1. Check Hire Car over thoroughly before accepting it - make sure it has a Triangle and sufficient tools to change the wheel.
2. We paid an extra 15 Euros for tyre, wheel and glass Insurance. I was reluctant to do this but did and it saved me my 80 Euros.
3. Remove Car Hire Company Stickers. The thieves first job is to identify tourists and their Hire Cars.
4. Difficult but do all you can not to be identified as a tourist.
5. When you leave the car park be vigilant for scooter riders and when stopped at Traffic Lights - all alert.
6. Drive with all doors locked and do not leave bags or expensive belongings on a back seat or parcel shelf. People at Station suffered this way.
7. My Son-in-Law's 3 Family Passports, camera etc. were all stolen. Most of all my pride as I am a retired Police Officer. Our holiday was further spoiled by trying to find the nearest British Consulate. We sought help by ringing home and getting the required information from the Internet. The Passport Booklet does not help with telephone numbers so it might be a good idea to find these things out before you go. Eventually he had to travel to Montpellier.
Just something to be aware of really.. Particulalry if you happen to be on a budget. Some restaurants will charge you slightly more for your food etc if you sit at outside tables. It can even be cheaper to eat sitting at the bar than at the inside tables but it really depends on the restaurant.
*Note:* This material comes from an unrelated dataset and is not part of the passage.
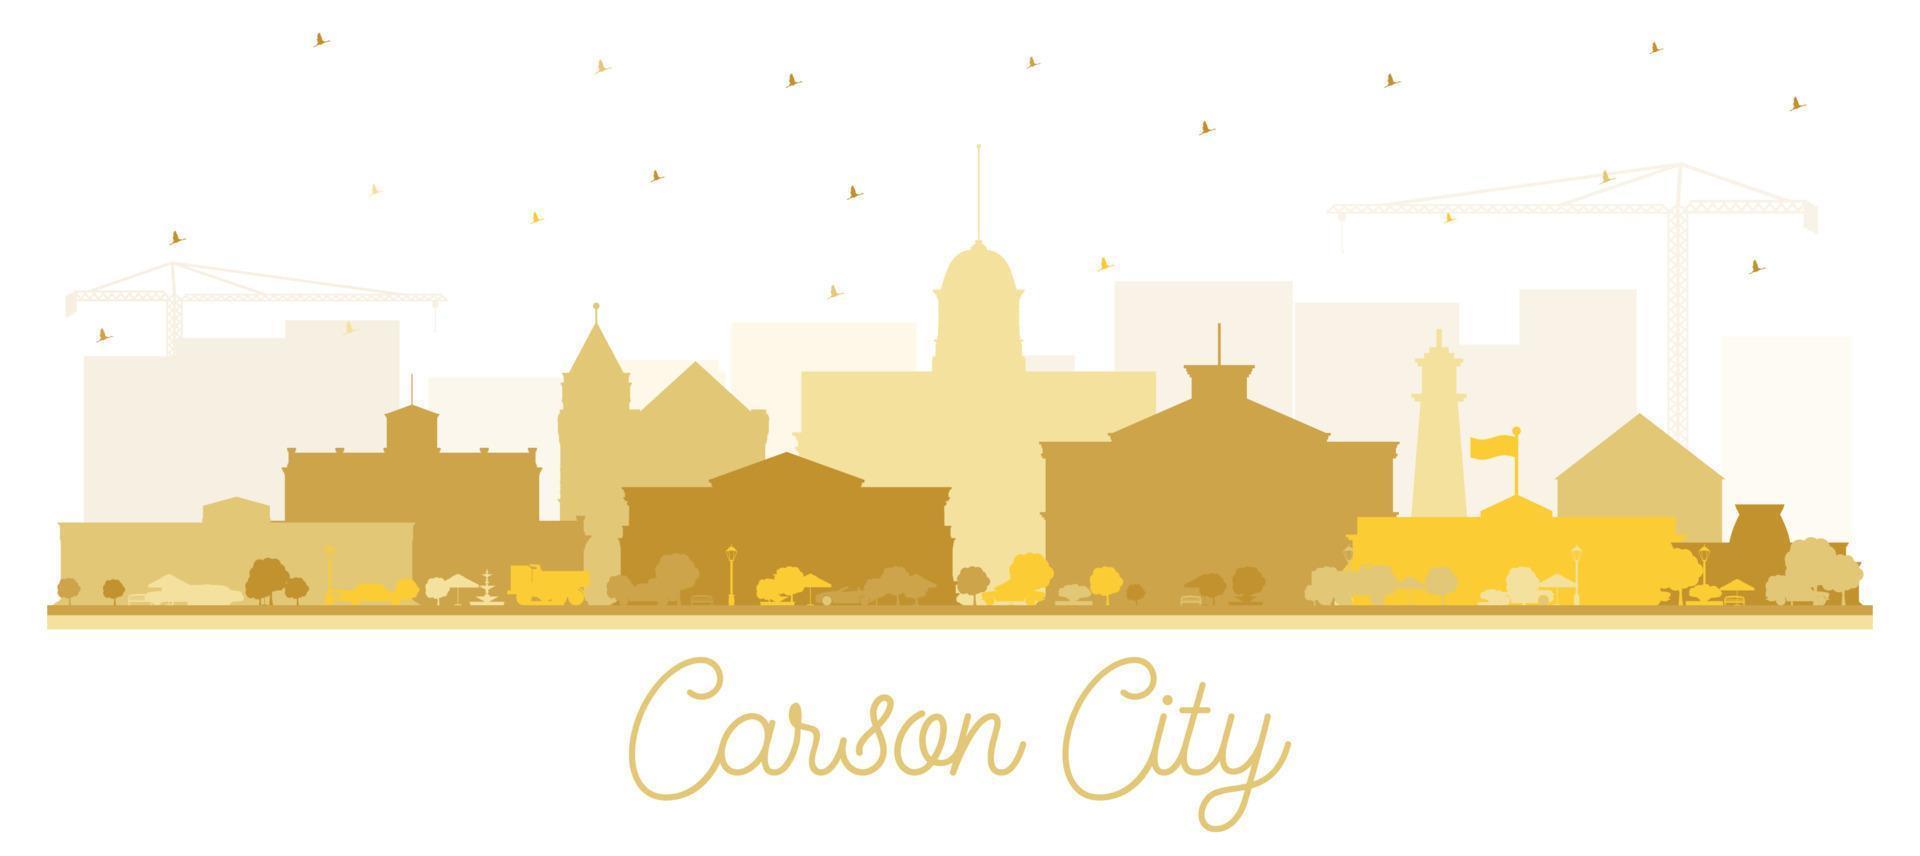 carson city nevada city skyline silhouette mit goldenen gebäuden isoliert auf weiß. vektor

A weekend away in Barcelona was a surprise for me.....so all the spanish I had was what I learnt on the plane! We managed to get by with "hola" "vale" and "no hablo espanol" ( a very handy phrase!!). But we got a rough ride and treated with contempt. We ended up seeking solace in an Irish Bar! We travelled on the underground and got into museums etc no problem...it was the waiters that gave us a bad time. Next time we go, I'll have a few more phrases learnt!
Other place where tourists, and locals too, are a target are in the bars in the centre. There are pickpockets that are waiting for the minimun distraction to take your staff, mobile phones on the table and other things. Don't hang the jackets or bags in the back of the chair.
By this tips I don't wanna make you think Barcelona is an unsafe place, just like the other touristic places in popular cities. If you have the basic precautions you don't have to have any problem.